Ability to place Windows Defender in a restrictive environment follows feedback from the security community

Windows Defender has become the first antivirus solution to have the capability to run within a sandbox, Microsoft has announced.

The move will help ensure that, in the event of a compromise, malicious actions are limited to the isolated environment, protecting the rest of the user’s system from harm.

In a blog post on Friday, Mady Marinescu of the Windows Defender engineering team outlined the new developments, and explained how the ability to sandbox Windows’ native AV will help raise the bar for user security.

“From the beginning, we designed and built Windows Defender Antivirus to be resistant to attacks,” Marinescu said. “In order to inspect the whole system for malicious content and artifacts, it runs with high privileges. This makes it a candidate for attacks.

“Security researchers both inside and outside of Microsoft have previously identified ways that an attacker can take advantage of vulnerabilities in Windows Defender Antivirus’s content parsers that could enable arbitrary code execution.

“While we haven’t seen attacks in-the-wild actively targeting Windows Defender Antivirus, we take these reports seriously. We immediately fixed potential problems and ramped up our own research and testing to uncover and resolve other possible issues.”

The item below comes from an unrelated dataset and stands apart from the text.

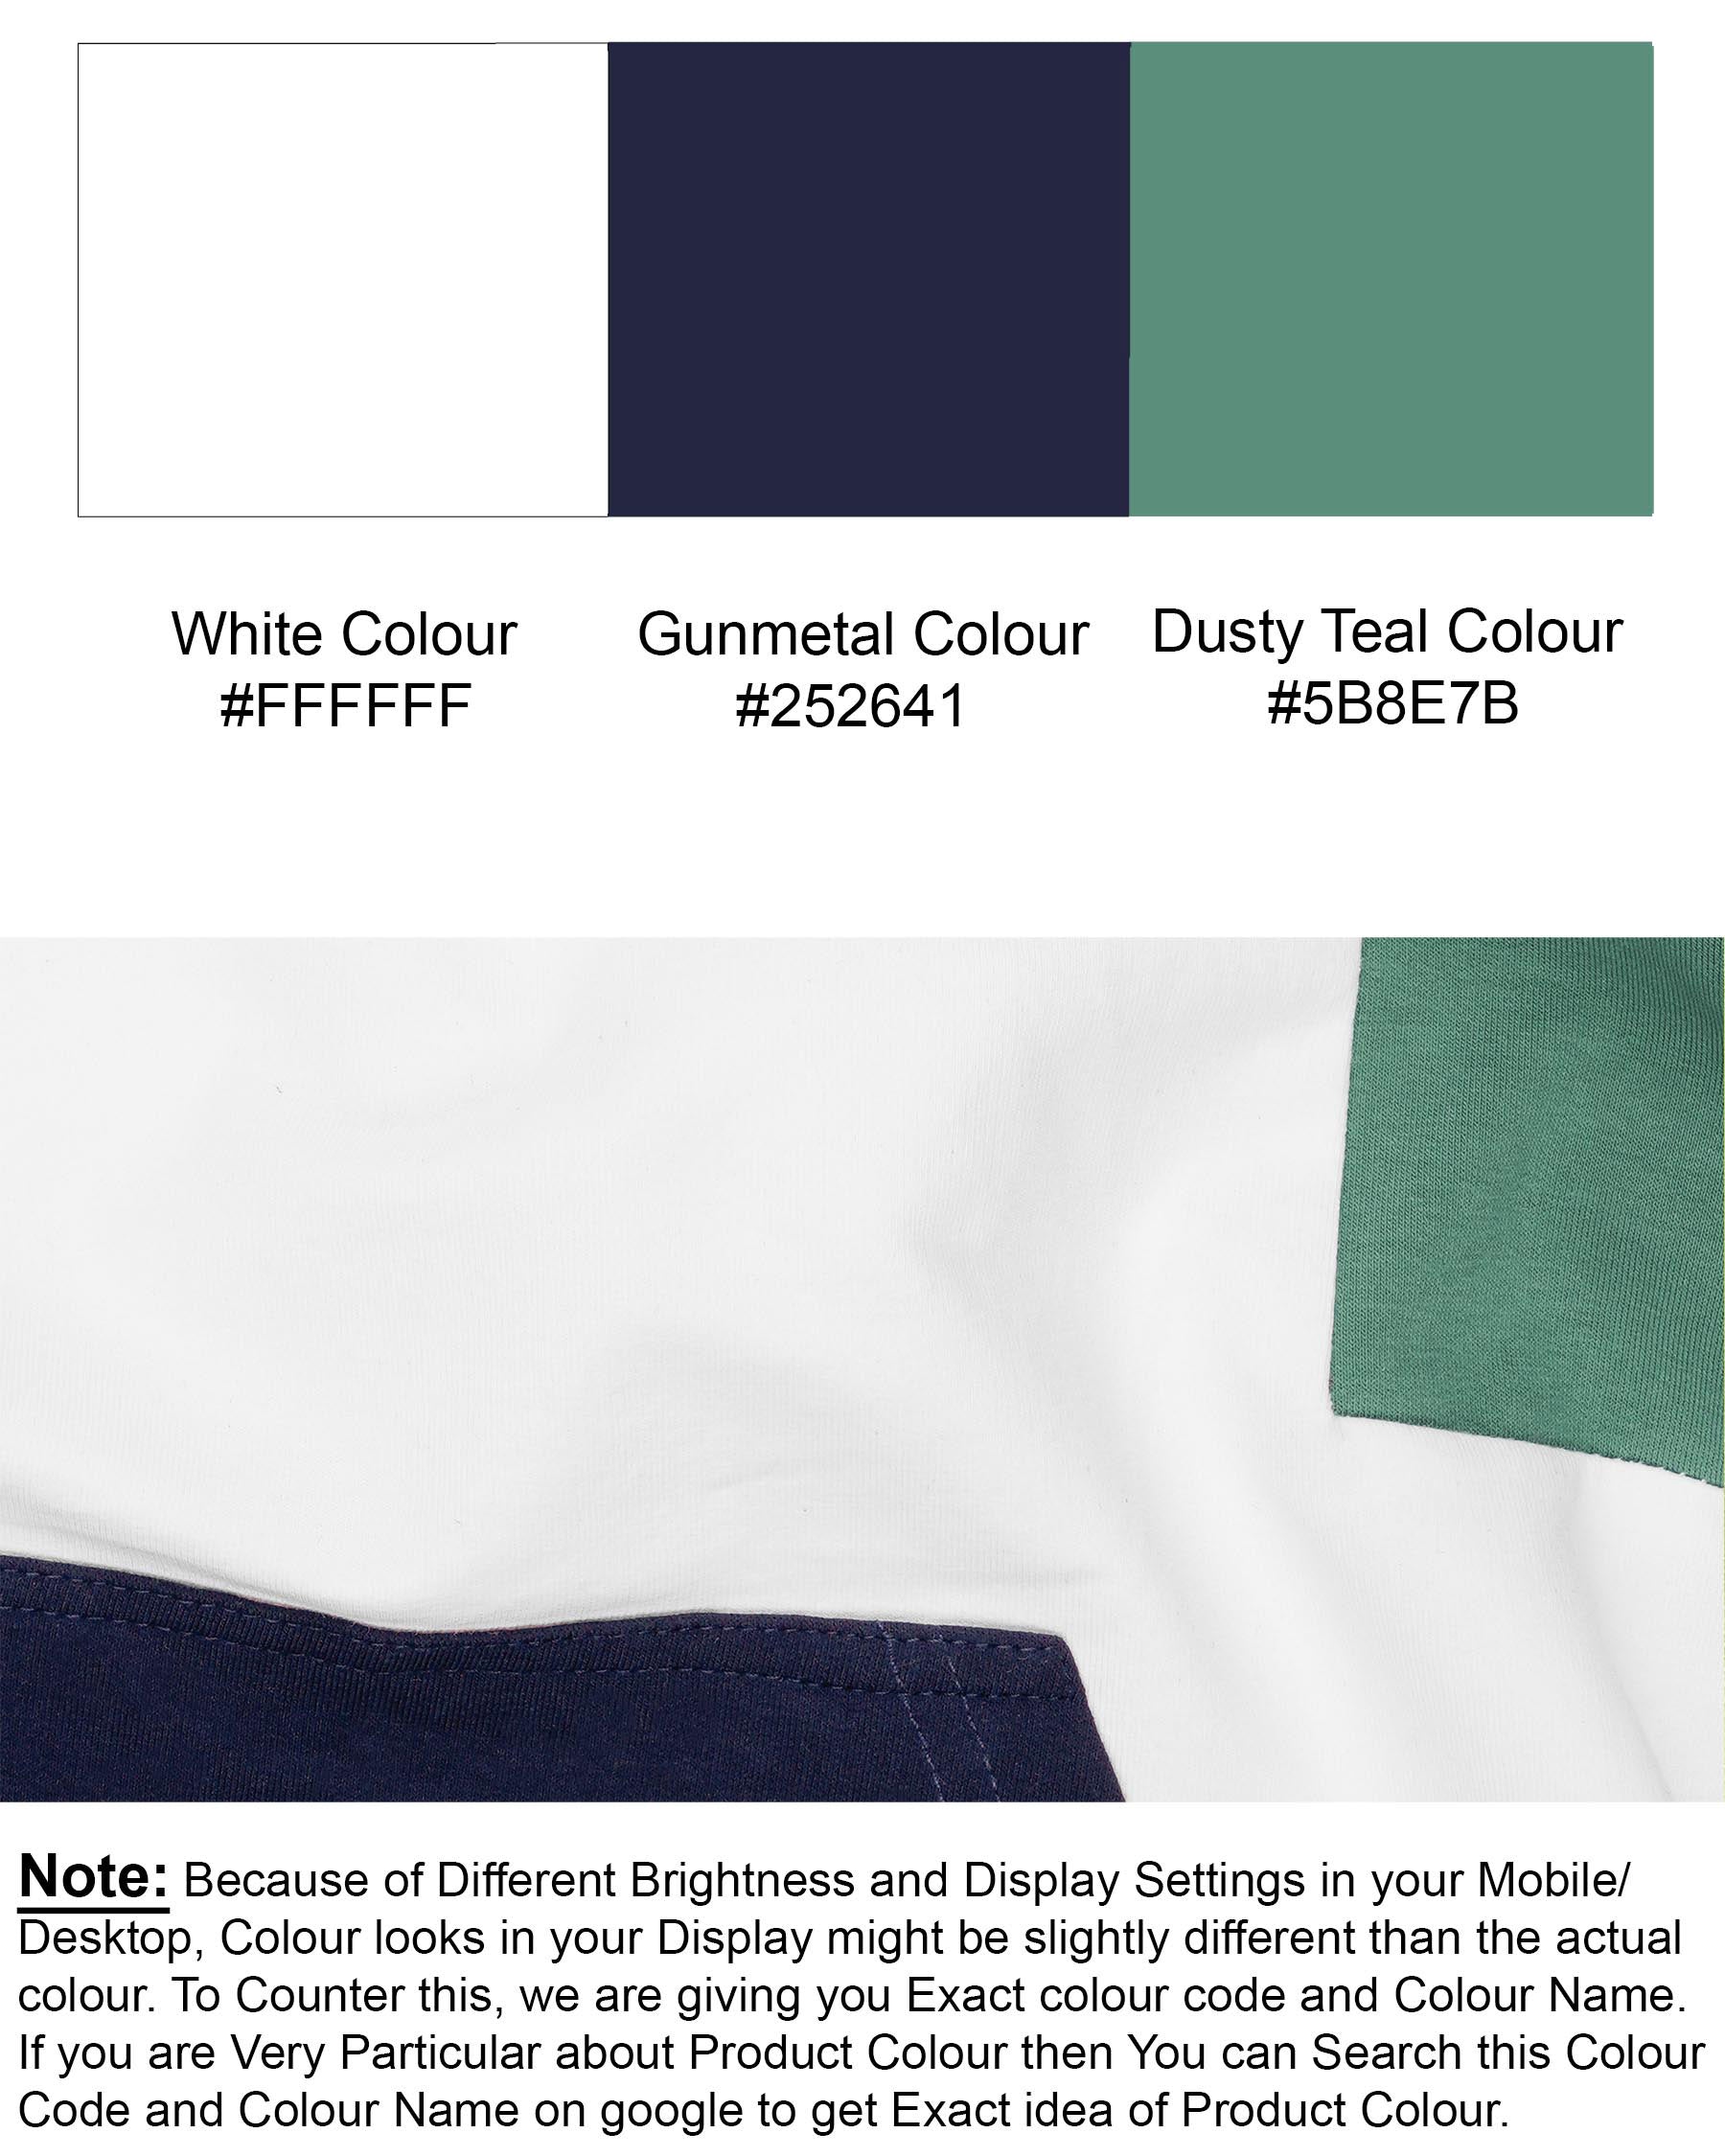 Bright White with Gunmetal Blue and Dusty Teal Green Hoodie Sweatshirt TS584-S, TS584-M, TS584-L, TS584-XL, TS584-XXL, TS584-3XL, TS584-4XL

The sandbox function has initially been launched as an opt-in feature for Windows 10 users.

Microsoft said it is encouraging researchers and partners to examine the feature and provide feedback before it is made more broadly available.

One security researcher, Google’s Tavis Ormandy, has already chimed in, describing Microsoft’s move as “game changing”.

Others, however, questioned Microsoft’s claims that it was first to market with a sandboxed AV, noting that anti-malware solutions from Qihoo and Crowdstrike already ship with this capability.